ARM suite test regressions: api.disA32, api.disT32, many more
We did not have ARM tests being run for a while. Now that we have a CDash machine back up, I compared its debug run yesterday to the most recent on that same machine name from April 2018:
http://dynamorio.org/CDash/viewTest.php?buildid=35255
Testing started on 2018-04-18 23:37:13
Name Status Time Details Labels
code_api|client.drmgr-test Failed 5s 810ms Completed (Failed)
code_api|linux.signal_race Failed 1m 30s 690ms Completed (Failed)
code_api|linux.eintr-noinline Failed 1m 30s 220ms Completed (Failed)
code_api|tool.drcachesim.invariants Failed 1m 30s 410ms Completed (Failed)
code_api|tool.histogram.offline Failed 1m 31s 760ms Completed (Failed)
code_api|tool.drcachesim.delay-simple Failed 8s 340ms Completed (Failed)
http://dynamorio.org/CDash/viewTest.php?buildid=44194
Testing started on 2019-06-21 23:30:26
Name Status Time Details Labels
code_api|linux.signal_race Failed 1m 30s 20ms Completed (Failed)
code_api|linux.eintr-noinline Failed 1m 30s 180ms Completed (Failed)
 code_api|linux.sigsuspend Failed 1m 30s 100ms Completed (Failed)
 code_api|tool.drcacheoff.simple Failed 6s 770ms Completed (Failed)
 code_api|tool.drcacheoff.filter Failed 8s 820ms Completed (Failed)
 code_api|tool.drcacheoff.opcode_mix Failed 7s 620ms Completed (Failed)
 code_api|linux.syscall_pwait Failed 10s 890ms Completed (Failed)
 code_api|client.predicate-test Failed 1s 110ms Completed (Failed)
 code_api|client.drreg-test Failed 1s 520ms Completed (Failed)
code_api|client.drmgr-test Failed 3s 410ms Completed (Failed)
 code_api|client.drutil-test Failed 2s 420ms Completed (Failed)
 code_api|sample.opcodes Failed 510ms Completed (Failed)
code_api|tool.drcachesim.delay-simple Failed 4s 110ms Completed (Failed)
 code_api|tool.drcacheoff.multiproc Failed 12s 390ms Completed (Failed)

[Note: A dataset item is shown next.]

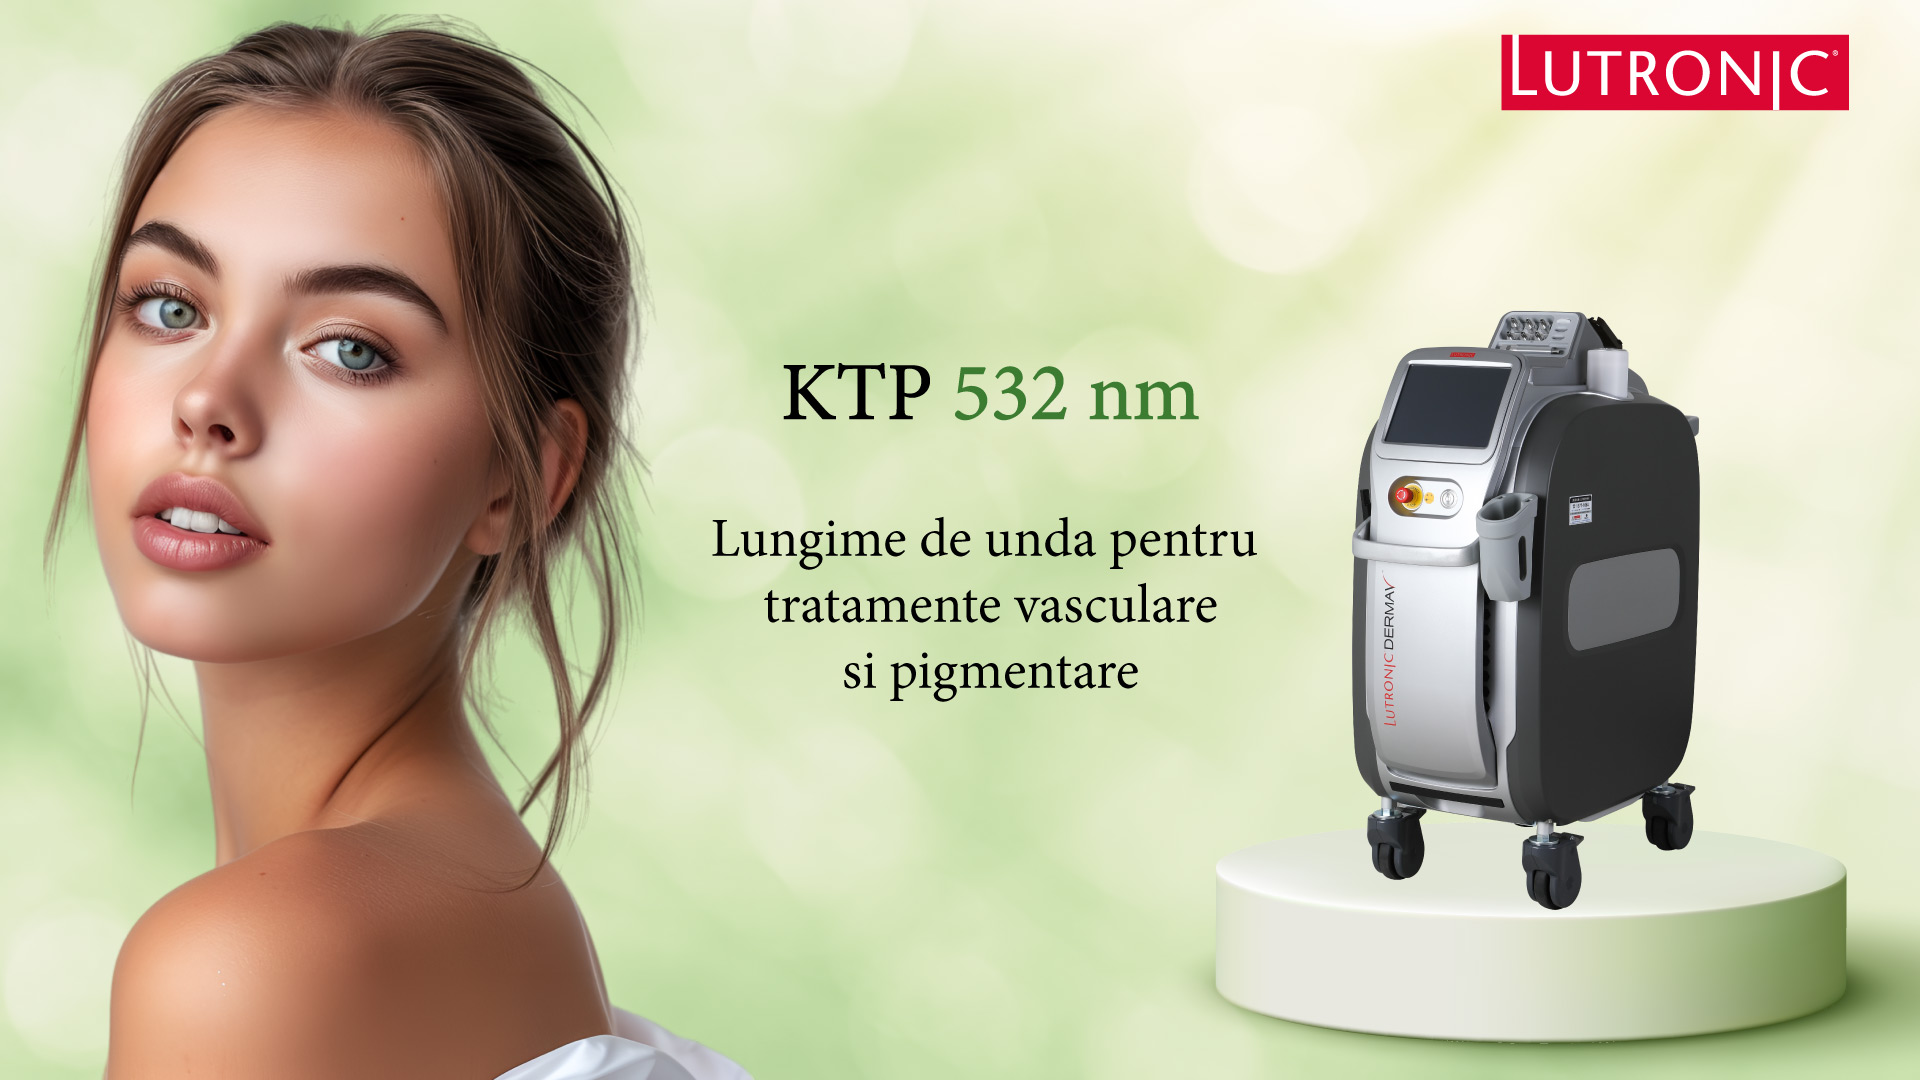 Laserul KTP are o lungime de unde de 532 nm si este potrivit pentru tartamentele vasculare si pigmentare

 code_api|api.disA32 Failed 1s 360ms Completed (Failed)
 code_api|api.disT32 Failed 1s 430ms Completed (Failed)
I'm assuming these regressions have happened because we don't have AArch32 precommit testing in the same way we have for AArch64?
Note: in a recent debug run code_api|linux.signal_race did not fail, so it is at least flaky.
In a recent release run we observe code_api|linux.reset failing as well. In addition, code_api|linux.sigsuspend and code_api|linux.signal_race passed in that run.
I'm assuming these regressions have happened because we don't have AArch32 precommit testing in the same way we have for AArch64?
That's my assumption, but I wouldn't have expected the ARM encoder/decoder tests to have broken. Hopefully it's something simple.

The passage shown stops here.